PTHrP expression levels were decreased during adipogenesis and osteogenesis processes
Figure 4A shows that PTHrP mRNA expression levels decreased significantly in human differentiated adipocytes and osteocytes compared with undifferentiated mesenchymal cells. PPARγ2 and ALP confirmed the differentiation to these different lineages (Figure 4, B and C).
mRNA expression levels during VAT human MSC (A-hMSC) differentiation into adipocytes and osteocytes.
(A–C) A-hMSC (n = 6) were differentiated into adipocytes for 21 days (A, B) and to osteocytes for 21 days (A, C), and PTHrP, PPARγ2, and alkaline phosphatase (ALP) mRNA expression levels were measured. *, P < .05 compared with control. (D–F) Time course of PTHrP and FABP4 mRNA expression levels during adipogenesis.

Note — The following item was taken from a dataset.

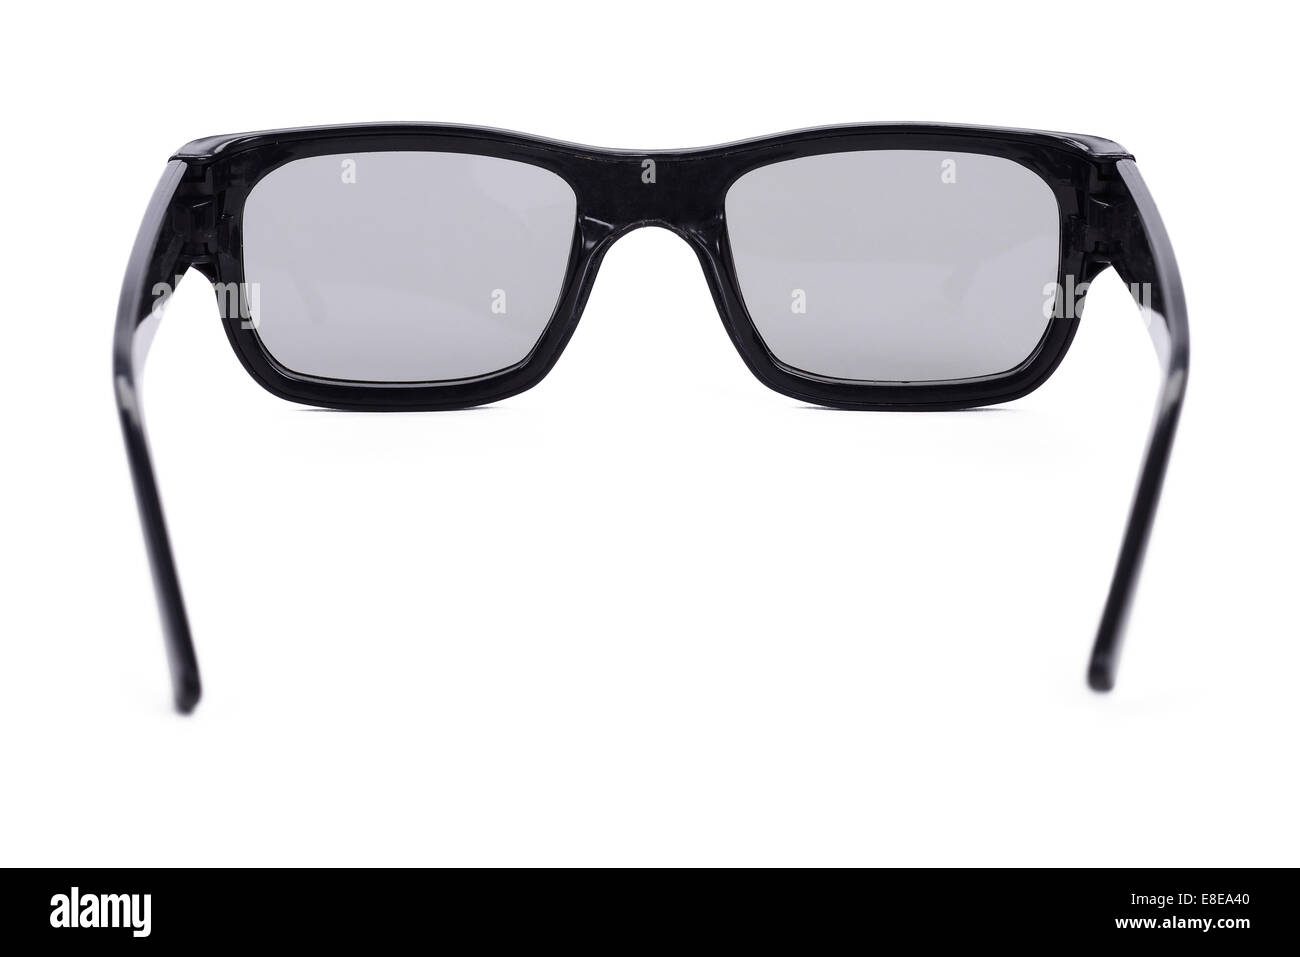 Par de gafas 3D polarizadas Fotografía de stock - Alamy

A-hMSC from VAT and SAT from leans (n = 10), metabolically healthy MO-L-IRs (n = 9) and MO-H-IR (n = 8) were let to differentiate into adipocytes for 21 days, and PTHrP and FABP4 mRNA expression levels were measured at 0, 6, 14, and 21 days of differentiation. *, P < .05 comparing values obtained at 6, 14, and 21 days of differentiation to values obtained at day 0. mRNA levels of test genes were normalized to cyclophilin mRNA levels for adipocytes and to Actin-β for osteocytes. Results were obtained in triplicate for each patient and expressed as the mean ± SE.
Human mesenchymal stem cells from VAT and SAT of subjects with different BMI and degrees of insulin resistance were allowed to differentiate into adipocytes and the time course of PTHrP mRNA expression levels was analyzed at 0, 6, 14, and 21 days of differentiation, as shown in Figure 4, D–F. PTHrP mRNA expression levels were significantly decreased during adipogenesis in both VAT and SAT, albeit the rate of this decrease was lower in MO-H-IR compared with leans and MO-L-IRs. PTHrP mRNA expression levels were also analyzed at early hours of differentiation (0, 4, 8, 12, 24, 48, and 72 h). Supplemental Figure 3 shows that PTHrP mRNA expression levels were higher during the first 12 hours without showing any relevant changes. After 12 hours of differentiation PTHrP mRNA decline progressively. In parallel, FABP4 mRNA expression levels showed a significant increase during adipogenesis, notwithstanding in MO-H-IR, this increase was lower compared with leans and MO-L-IR.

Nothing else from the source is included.